*Assignment:*
The pictures get dropped, while every remaining part of the listing is copied exactly.

*Information shown:*
-- Opening Marker --

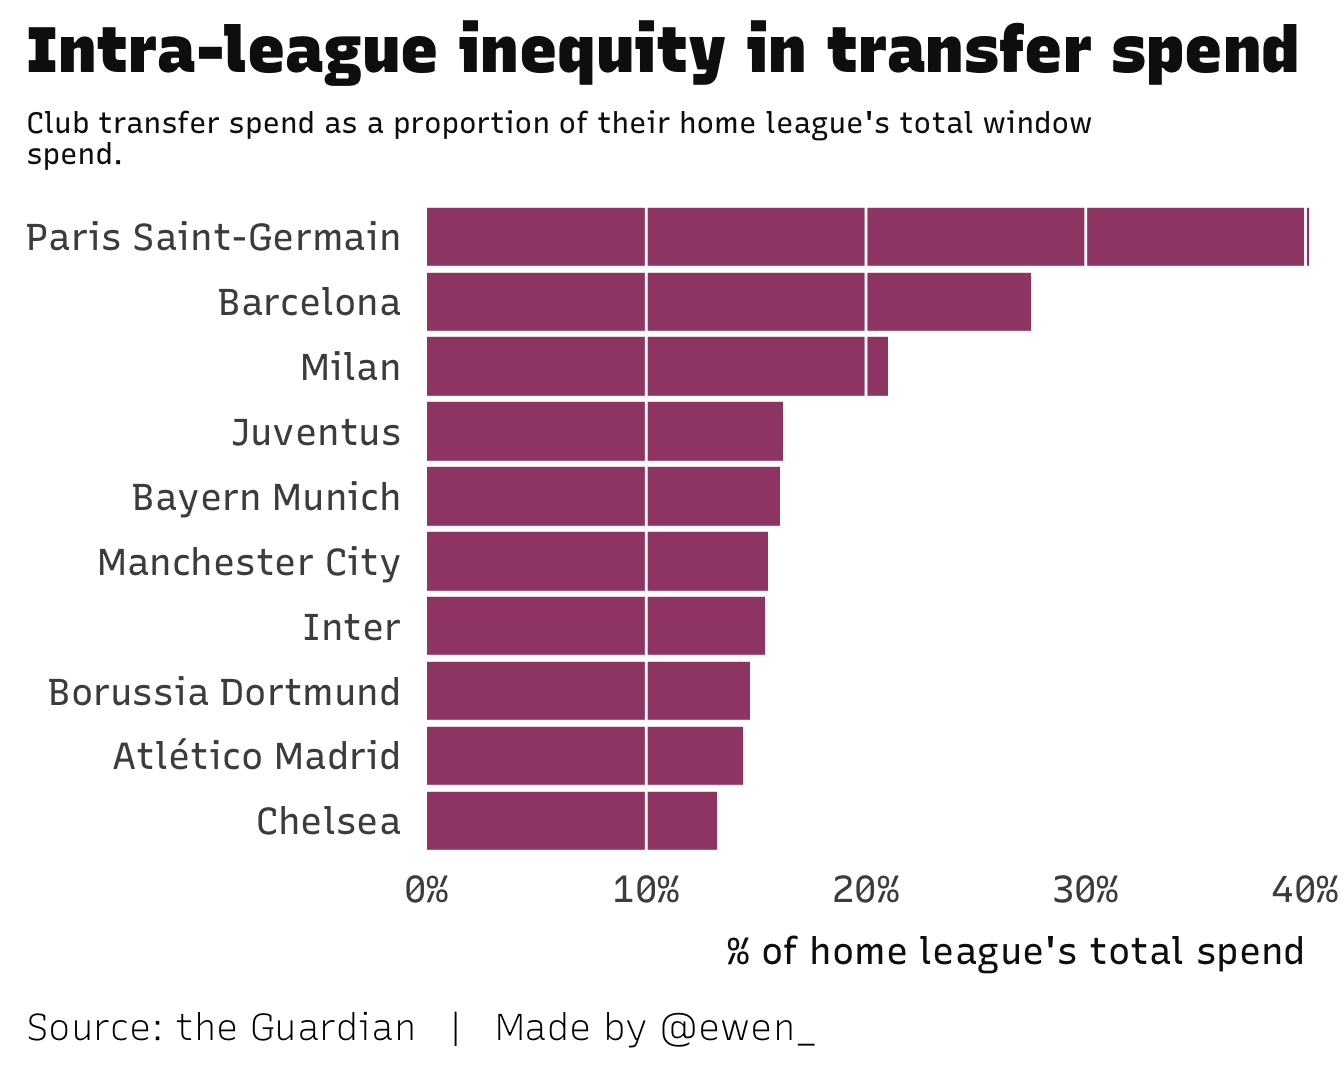 Chart showing top clubs' transfer spend as proportion of their league's total spend
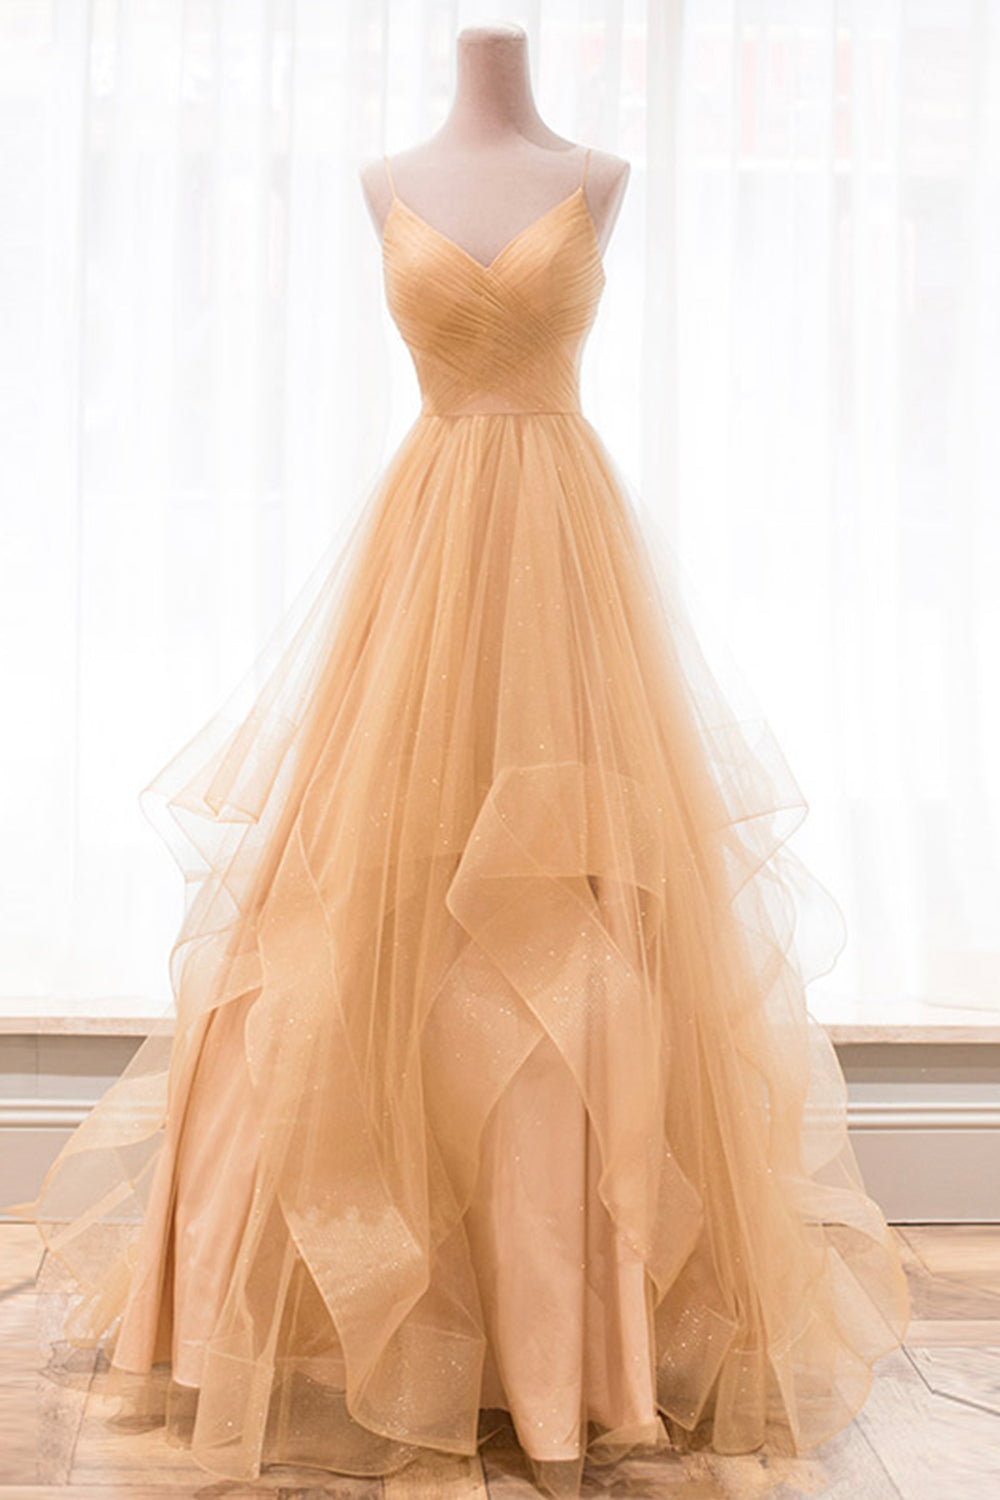 Gold V-Neck Tulle Long Prom Dress Outfits For Girls, A-Line Evening Dress
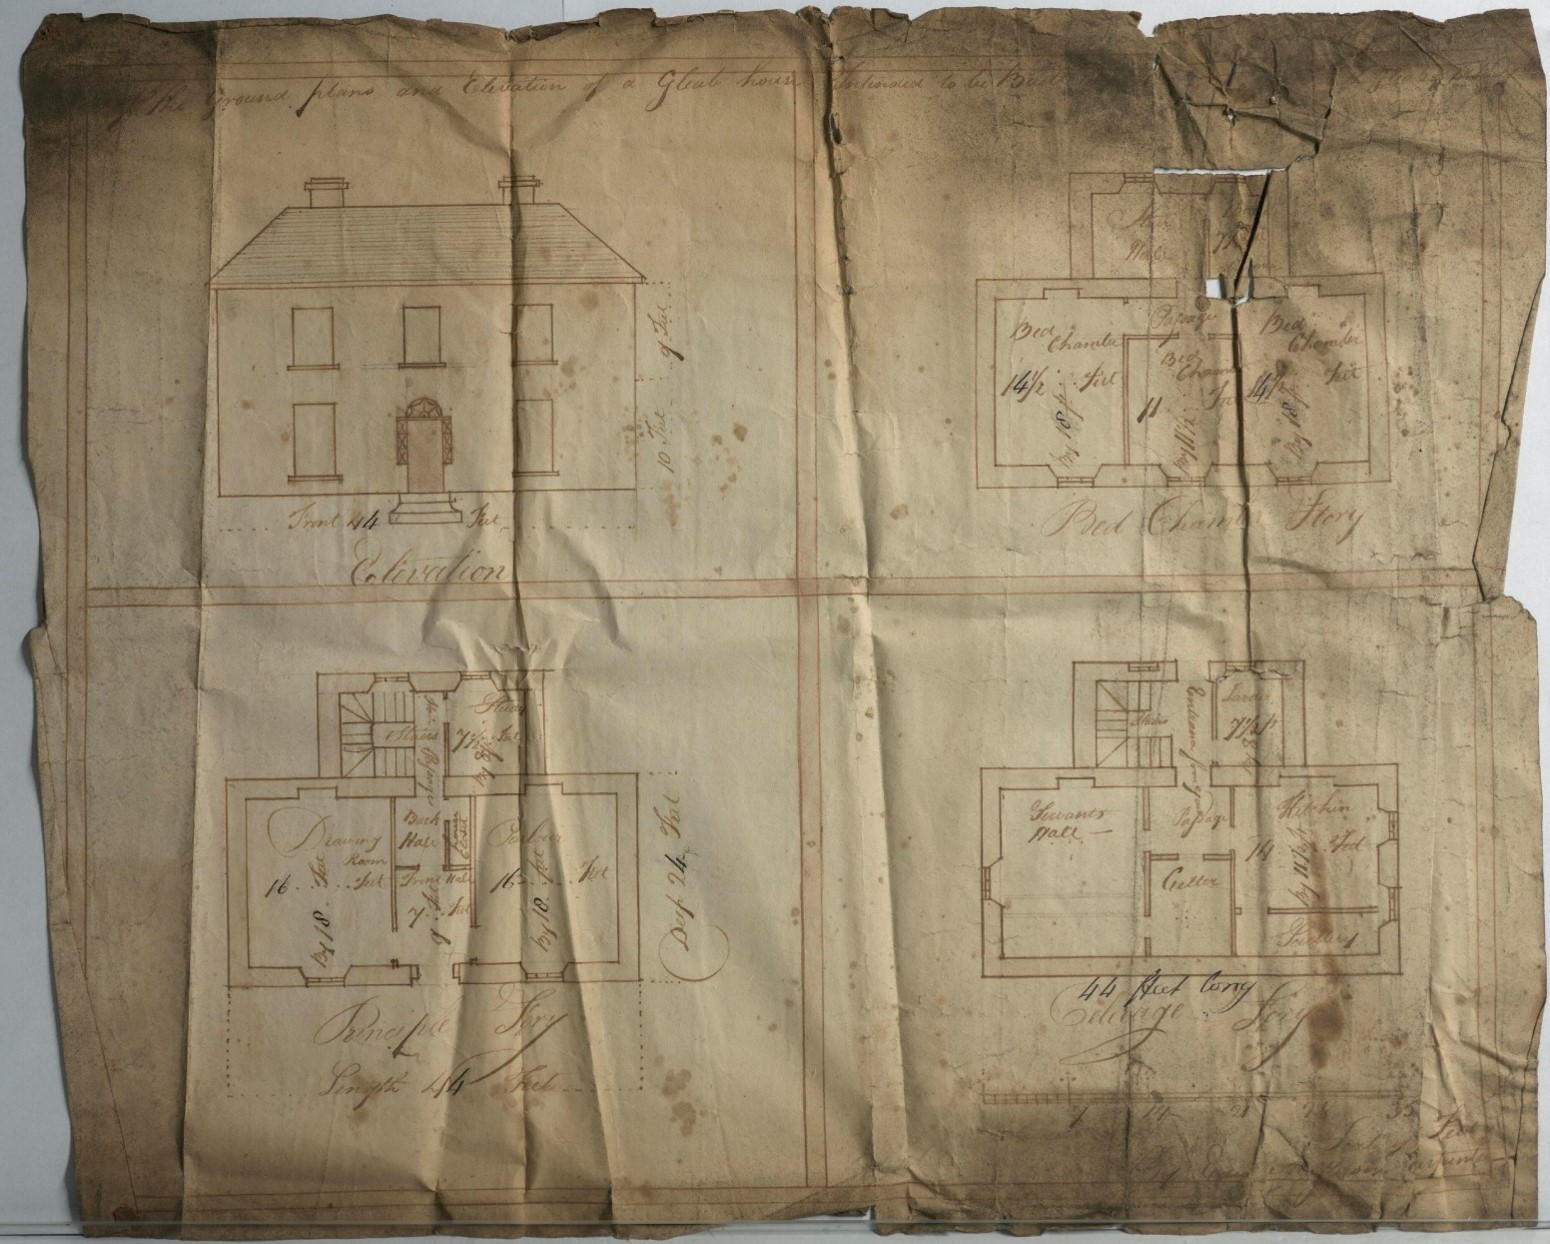 Edward Masterson, “Ground Plan and Elevation of a Glebe House intended to be built on the Glebe of Athy. April 1807 Edward Masterson Carpenter. Approved Charles Dublin,” RCB Library - Architectural Drawings, accessed April 4, 2023, https://archdrawing.ireland.anglican.org/items/show/9805.

-- Closing Marker --

*Output for this exercise:*
 Chart showing top clubs' transfer spend as proportion of their league's total spend
 Gold V-Neck Tulle Long Prom Dress Outfits For Girls, A-Line Evening Dress
 Edward Masterson, “Ground Plan and Elevation of a Glebe House intended to be built on the Glebe of Athy. April 1807 Edward Masterson Carpenter. Approved Charles Dublin,” RCB Library - Architectural Drawings, accessed April 4, 2023, https://archdrawing.ireland.anglican.org/items/show/9805.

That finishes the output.